Edit 2/18: I figured out the issue. It's not the code directly, although someone has pointed out this sample I have put up is not the way I should have put it up. I apologize! The issue is the blastx results. They were not meeting the threshold set and the code was creating empty files before realizing it didn't have satisfactory results to write to the file. Thanks for your consideration.
I have been using Biopython to locally run some blastx searches, trim the DNA query to the ORF it finds, then saving the new sequence to a fasta file. Out of a batch of 450 sequences, it seems to skip 43 of them. It always skips the same 43 sequences. The skipped sequences aren't only in the beginning or end of the list, are not very short, and all sequence input is fasta format. I have checked the BLAST XML output file for several sequences that end up without writing an output sequence to a file and there are hits listed and indicated. The portion of the code that is supposed to find and write the trimmed sequence based on the blastx XML output is below.
from Bio.Blast import NCBIXML
from Bio.Seq import Seq
from Bio.SeqFeature import SeqFeature, FeatureLocation
id_list = ".../ORFS.txt"
text_file = open(id_list)
list1 = text_file.read().split('\n')
list2 = []
for items in list1:
list2.append(items)
list2.pop()
access_to_orf = {}
for orf_accession in list2:
access_split = orf_accession.split(".")[0]

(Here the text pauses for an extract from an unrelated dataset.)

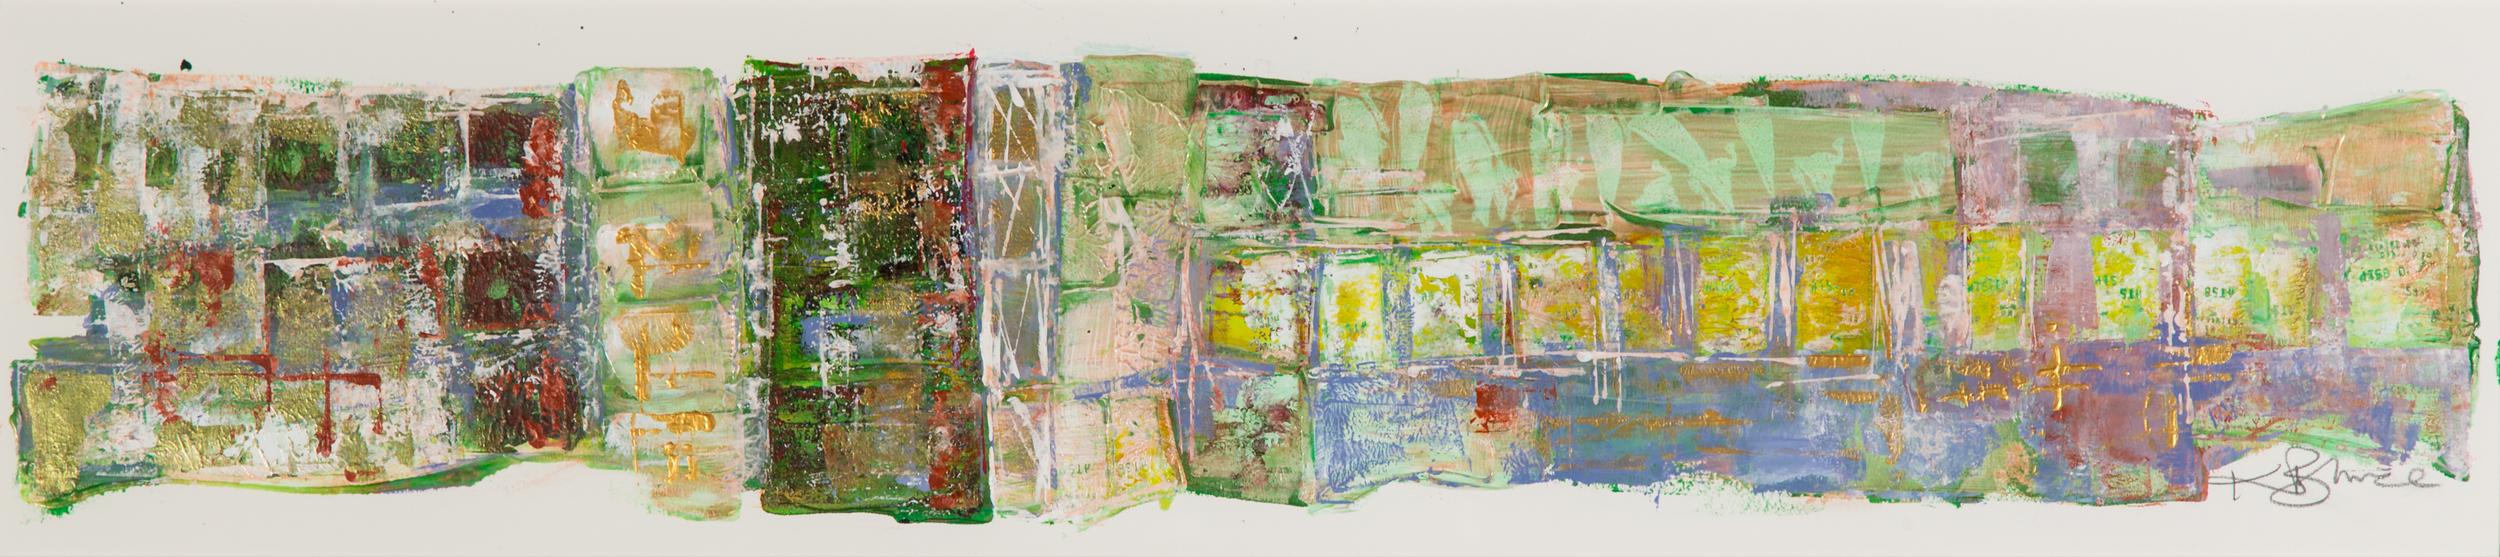 KB-067, Killarney Crowds, Acrylic on Paper, 2015, 46 x 10, $2,350

access_to_orf[access_split] = orf_accession
parse_in = os.path.join(out_path, out_name)
parse_name = accession + ".trim.fasta"
parse_out = os.path.join(trim_out, parse_name)
file = open(parse_out, "w")
parsed_data = ""
result_handle = open(parse_in)
blast_records = NCBIXML.parse(result_handle)
blast_record = next(blast_records)
q_record = SeqIO.read(seq_path, "fasta")
q_parse = q_record.seq
for alignment in blast_record.alignments:
for hsp in alignment.hsps:
if (hsp.positives/alignment.length)*100 >= 95:
fr = hsp.frame
x, y = fr
if x < 0:
dna_str = -1
else:
dna_str = 1
feature = SeqFeature(
FeatureLocation((hsp.query_start-1), (hsp.query_end),
strand = dna_str))
q_feature = feature.extract(q_parse)
parsed_data += (blast_record.query + " " + str(q_feature) +"\n")
file.write(parsed_data)
file.close()
print("Finished BLAST parse for " + ORF)
Can anyone help me figure out why it is skipping the sequences?
Edit 2/12: Added section to sample about where accession and ORF are defined.